On a recent gorgeous spring Saturday, the Camp was nearly deserted, though perhaps that is not surprising for a center devoted to lovers of the outdoors. One clerk suggested that on this first rain-free weekend in a month, the clientele were voting for time in the mountains or near the ocean.

“We have done less than hoped but are seeing a steady increase in sales as the center gets better known in the region,” said Mead, who declined to give exact figures.

But Liburdi says disappointing sales and traffic cannot entirely be blamed on the center’s newness. “They promoted this as a cultural center, and it’s not,” he said. “It’s a business center.” The young people who show up in the evenings for drum circles, he says, don’t buy scuba gear. Still, he says it is a wonderful place, and he likes it. His customers travel from Las Vegas, Seattle and even New Hampshire. He says traffic will improve if tenants take care of their own advertising.

Both centers lack visibility, says Green, and the Camp has already seen some turnover, to be sure. Billabong, a seller of surf, skate and snowboard apparel, for instance, was originally in the space that Active 16 now occupies. But the Camp keeps its fans.
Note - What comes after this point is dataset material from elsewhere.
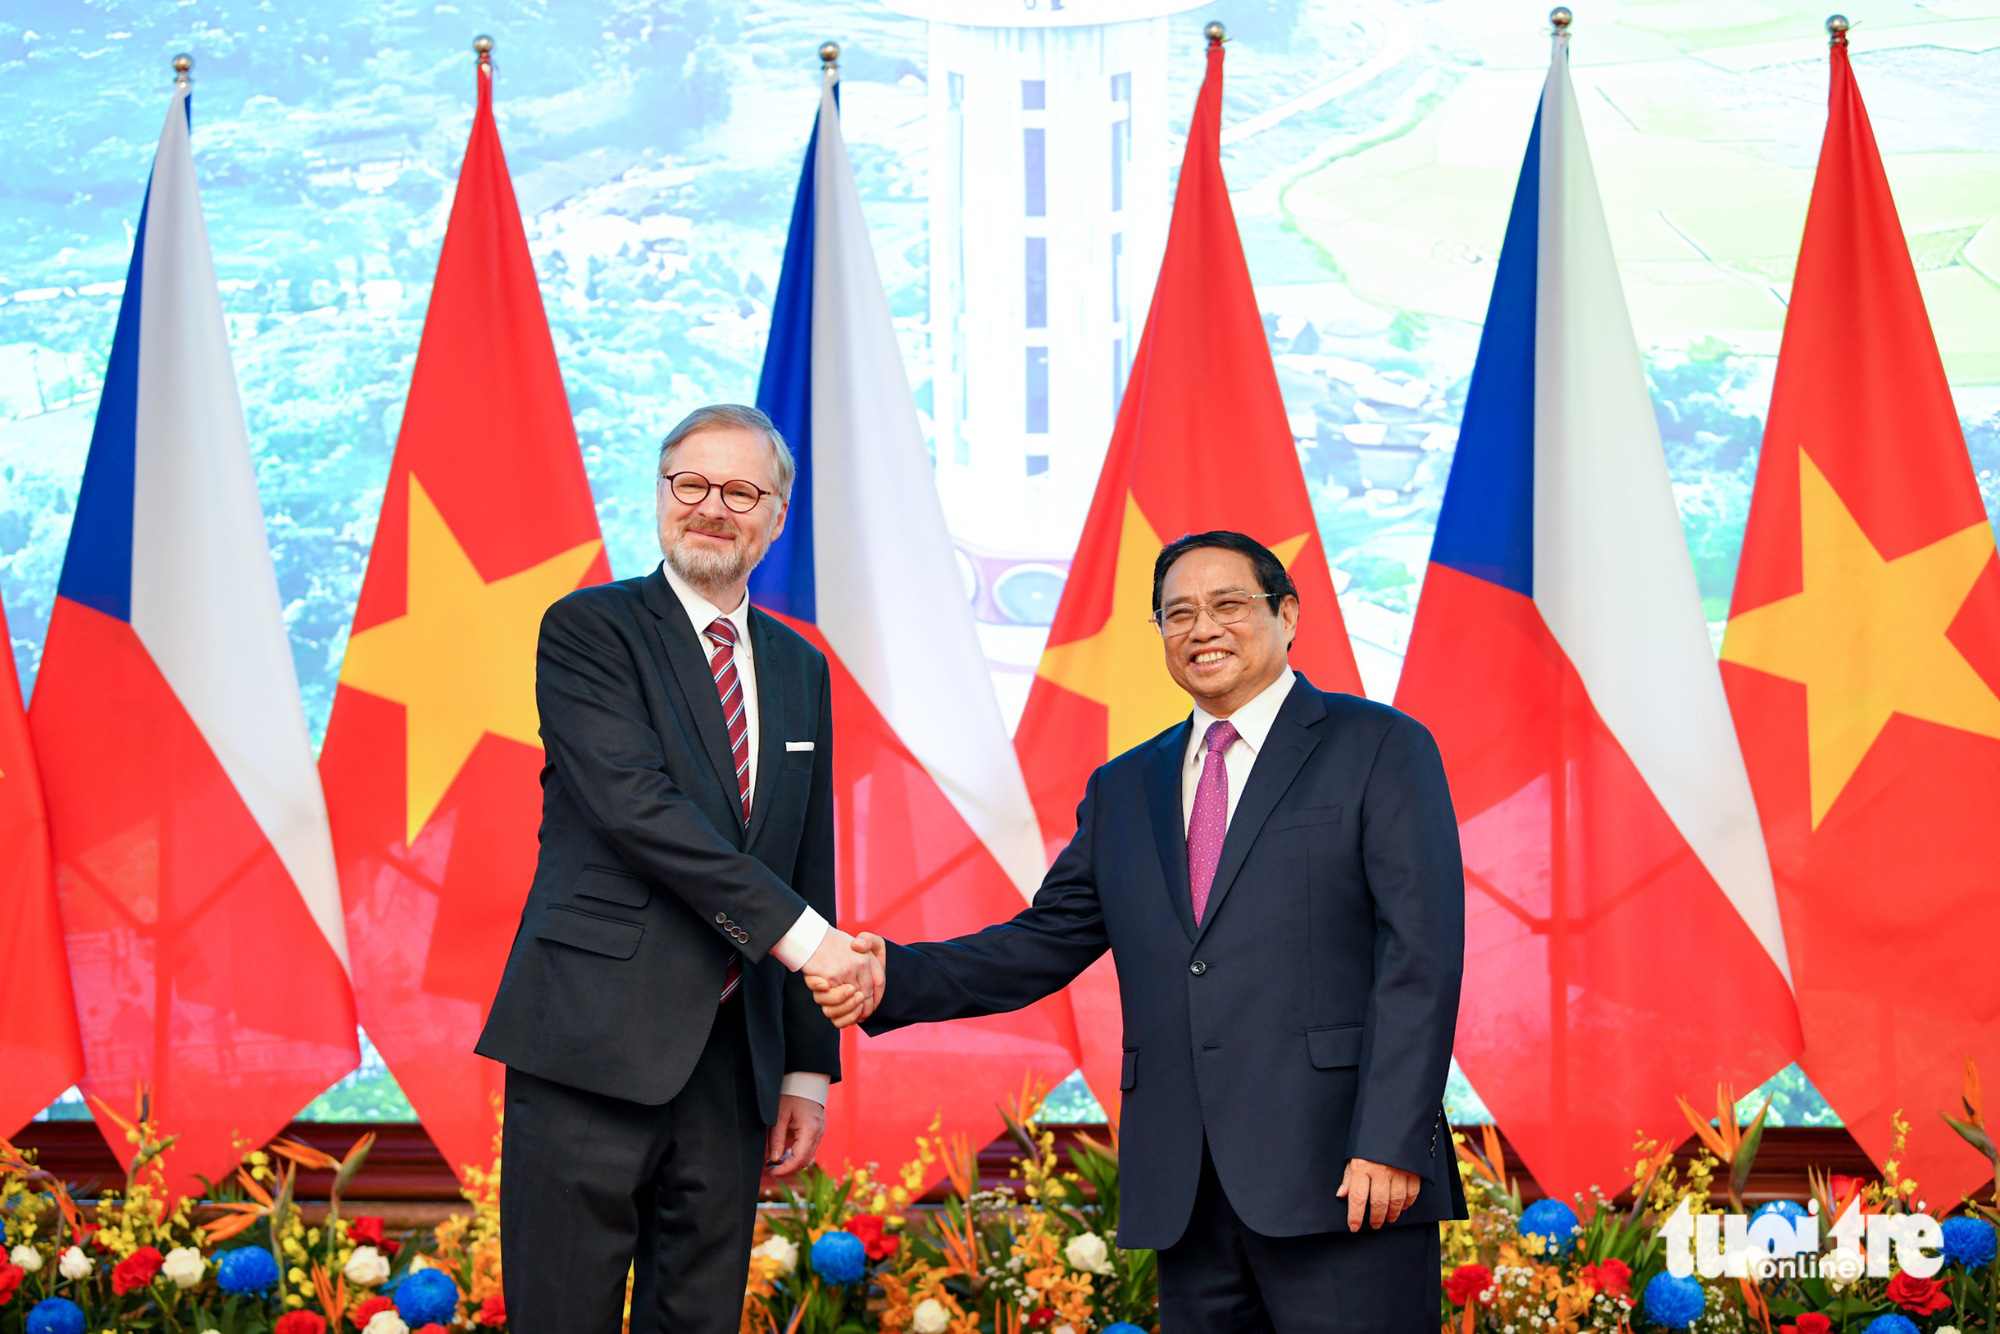 Thủ tướng Phạm Minh Chính bắt tay Thủ tướng Czech Petr Fiala trước hội đàm - Ảnh: NAM TRẦN

“There are plenty of places in Orange County to purchase like product and food, including at South Coast Plaza,” Mead said. “However, as far as I know, [the Camp’s] unique combination of products and services does not exist in Southern California.”

Green cites just one other place that has a feel similar to the Sadeghi works: Seattle’s Capitol Hill District, which has a lifestyle mall with an Urban Outfitters. But he says much of the vibe there that reminds him of the Lab and the Camp arises from the surrounding neighborhood rather than a conscious design.

Sadeghi says that in a country he believes is overstored, his centers have no peers. Consumers won’t find vintage sneakers at Footlocker, for example. And neither does he expect there to be peers in the near future. Others agree.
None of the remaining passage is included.